I have asked the other guys if he has ever done talking. All I get
are grins and shaking heads. Moses? Talking? Come on....
So
what am I to do? Well, I suppose I will do my best to take the bits
and pieces he has given me and add them to some research and then try
to knit it into my best approximation of his back story. Fair enough?
Well, it will have to be.
So.
Moses Mdumba was born in a village called Obongi in Northern Uganda
in 1998. Or thereabouts. He has no memory of his father who died of
malaria when Moses was still an infant. He had an older brother,
Abraham.
The
family had a thatched hut, six cows, twelve chickens, an acre of
land, and a flock of twenty three goats. The lack of a man in the
house guaranteed the family was always poor. Food was short and they
knew none of the luxuries of the modern world. Neither boy ever
attended school and their day to day lives were all about work, not
play.
When
Moses was five years old he was given the job of taking the goats to
their grazing and bringing them home at the end of the day. To switch
on the famous Moses smile, all you need to do is say the word 'goat'.

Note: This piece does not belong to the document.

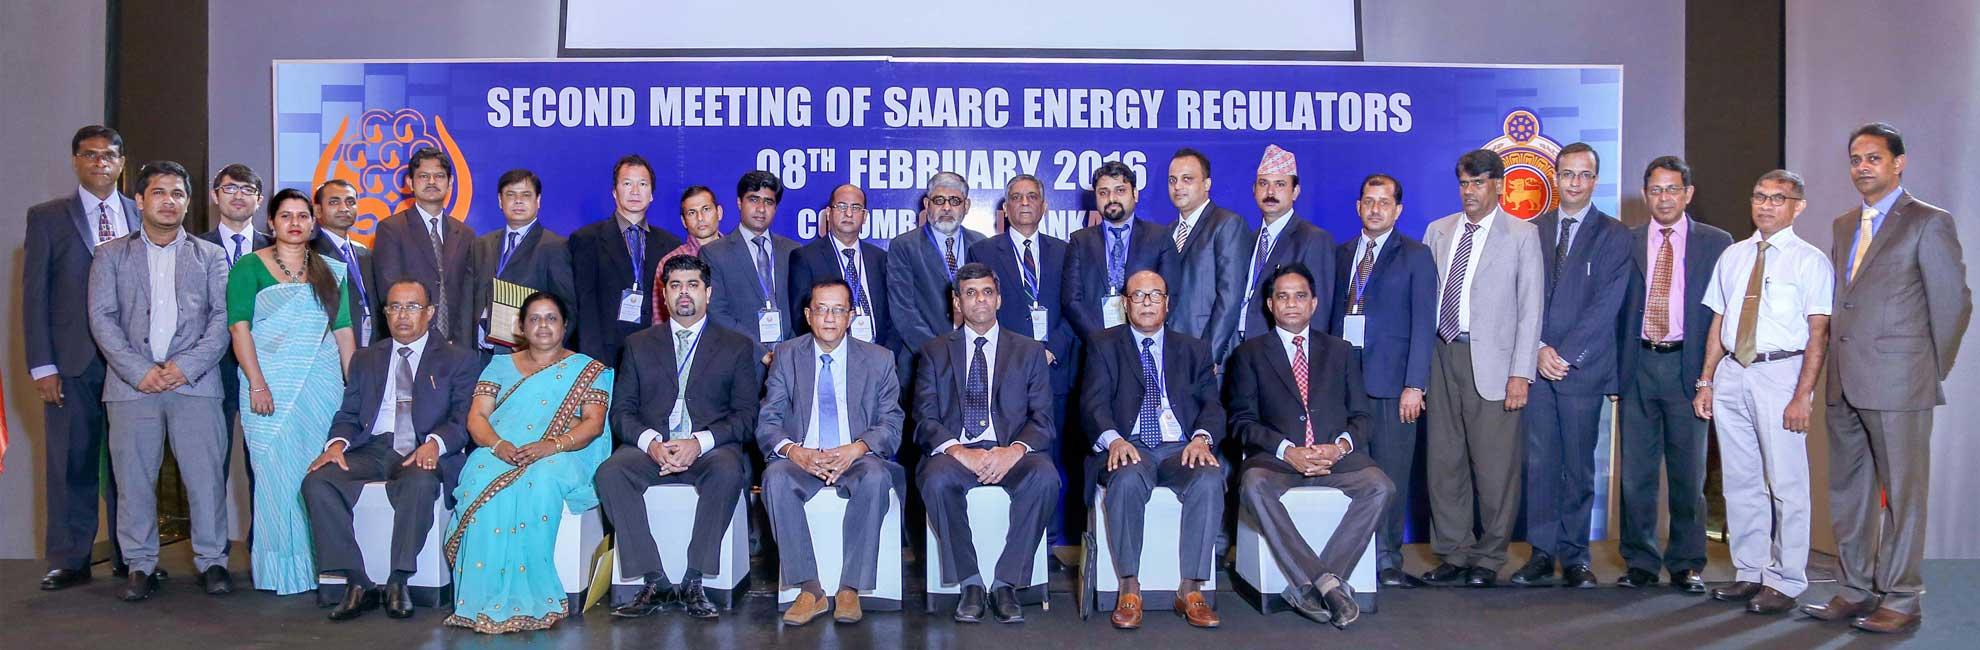 SARI/EI Delegation to the 2nd Meeting of SAARC Energy Regulators

The very thought of goats animates him like nothing else. Not that
this obvious enthusiasm ever leads to many words. All I got was a few
snapped out sentences.
“I
liked the goats very much. I think I can understand goats very
nicely. My goats they like Moses. They love Moses. I was the very
best goat herder in Obongi. This is true.”
And
I have no reason to doubt him. I have a picture of the five year old
Moses leading his small flock of goats out into a flat baked plain
where the only shade was provided by a scattering of Acacia trees.
I
asked Moses about Obongi and I didn't get much.
“Obongi,
he is very small. Very dry. He is not like Scottish.”
So
I Googled and I didn't get much more. An off the map village in an
off the map part of the world. Had he ever been anywhere else?
“One
day my Mummy she take me and Abraham to Gulu. He is big town. Not big
like Scottish but big.”
So.
One trip to Gulu and the rest of his boyhood days herding the family
flock of twenty three goats.
And
then when he was eight years old and his brother Abraham was ten
years old, Joseph Kony's men came for them in the night.
“I
was sleeping. There is big shouting. I am waking. And Kony men they
are here. One man, he is holding my brother very hard. The other
man...."
And
as the words dried on his lips his eyes locked onto his take on the
thousand yard stare. A thousand yards of dried earth and half starved
goats picking away at wispy vegetation. A burning blue sky. A dust
devil in the far distance.
“....
the other man kill my mummy. He kill her with machete. And they take
me out of this hut. And my brother. They take us.”
They
took them. The followers of Joseph Kony. The soldiers of his 'Lords
Resistance Army.' If you Google 'Joseph Kony' you will find a hell of
a lot more than if you Google 'Obongi'. Not many know Kony's name
now, but twenty years ago his was a name synonymous with the very
darkest corners of the human soul. If you had Googled his name in
2012 you would have found him to be number one of the list of the
most wanted men in the world. He took that particular slot on the day
Seal Team Six dispatched Osama Bin Laden. It was the day Joseph Kony
moved from number two to number one.
Who
was he? He was the son of a priest who morphed into a murderous
psychopath. He claimed to have the ear of God and he established his
ramshackle army to resist the undoubted atrocities the Ugandan
government were committing in the north of Uganda in the 80's and
90's. Maybe in the early days, Kony was indeed a genuine resistance
fighter. But any such credibility didn't last for very long. His
modus operandi was that of a textbook monster. His forces marauded
and murdered and raped. His idea of conscription was to kidnap
children and indoctrinate them through a mix of drug cocktails and
brain washing. He forced them to commit atrocities whilst the other
child soldiers egged them on. If they carried out the task, they
became a part of the army. If they failed they were killed. Boys were
drilled as warriors. Girls were used as sex slaves.
When
Moses and Abraham were taken in the night, Kony was at the zenith of
his power. The LRA was counted in the thousands, most of them child
soldiers. They wreaked their havoc all across Northern Uganda and for
a while there was little the Government in Kampala could do to stop
them.
“Did
you do bad things, Moses?"
“Yes.
I did very bad things.”
“Is
it something you can talk about?”
“No.
I cannot talk about this one.”
And
suddenly the stare was of the two thousand yard variety.
“And
Abraham? Did he do bad things?”
“No.
My brother he would not do this one. They kill him."
Christ.
What can you say? If you know, well please send the answer on a
postcard care of my publishers. I said nothing. I just reached out
and took his hard calloused black hand in my soft journalist white
hand. And his eyes looked straight through me and all the way to a
place only he could see. Or not see.
Moses
was a soldier of the LRA for eight long years. Slowly the army
withered on the vine as the government soldiers forced Kony further
and further into the bush. Moses crossed borders without knowing it.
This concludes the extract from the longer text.